Task requirements:
Go through the data below and repeat it exactly, skipping each picture.

──────── Information supplied ────────

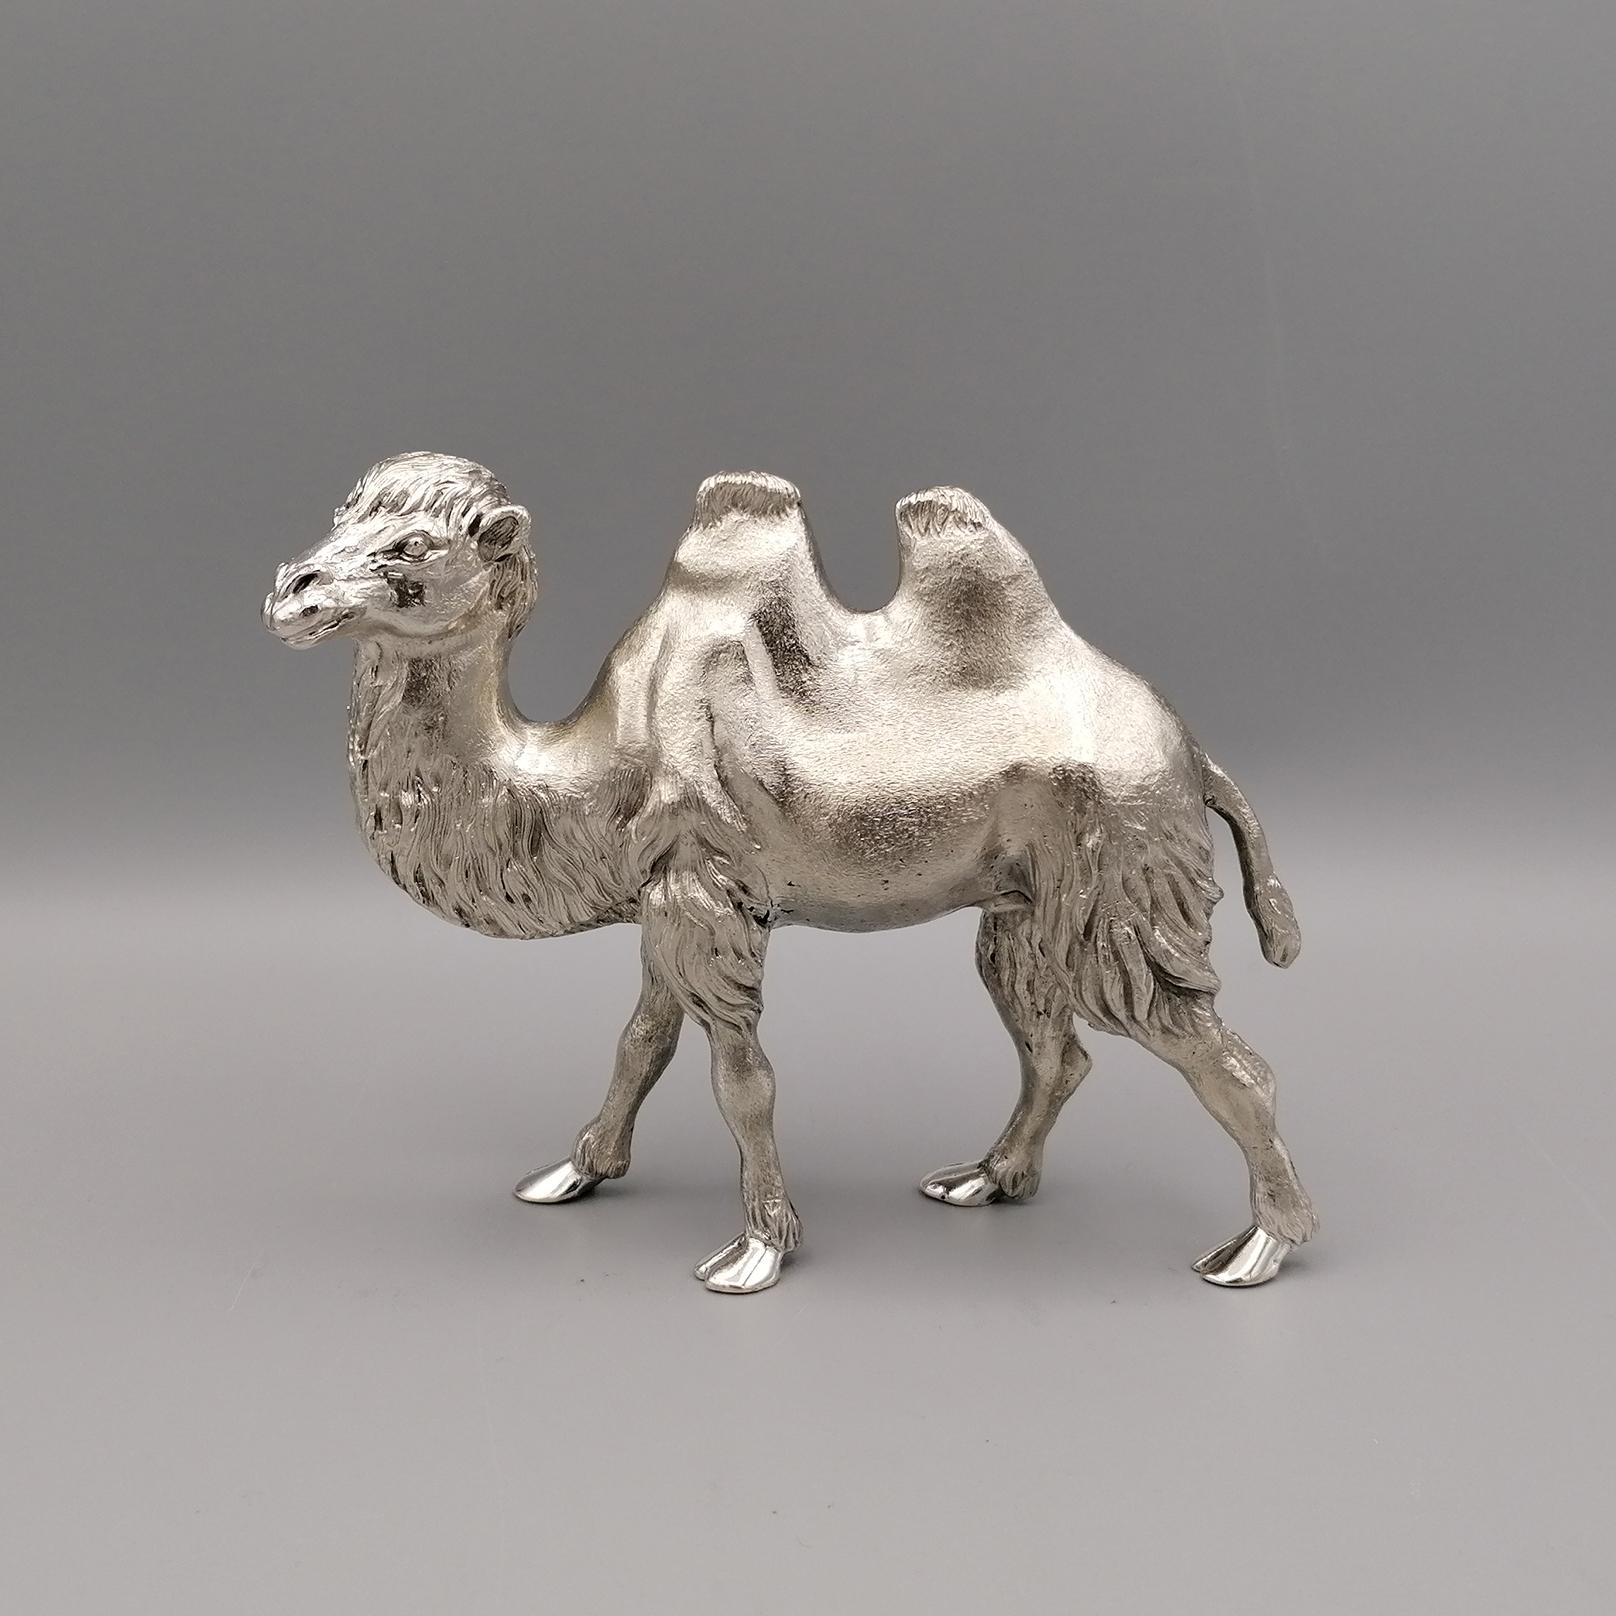 Massiv 800 Silber Kamel.
Die Skulptur wurde im Gussverfahren hergestellt und anschließend von erfahrenen Ziseleuren von Hand bearbeitet, um das Fell des Kamels und die gesamte Skulptur realistisch zu gestalten.

Von Argenteria Ranzoni - Mailand -

────────

Task output:
 Massiv 800 Silber Kamel.
Die Skulptur wurde im Gussverfahren hergestellt und anschließend von erfahrenen Ziseleuren von Hand bearbeitet, um das Fell des Kamels und die gesamte Skulptur realistisch zu gestalten.

Von Argenteria Ranzoni - Mailand -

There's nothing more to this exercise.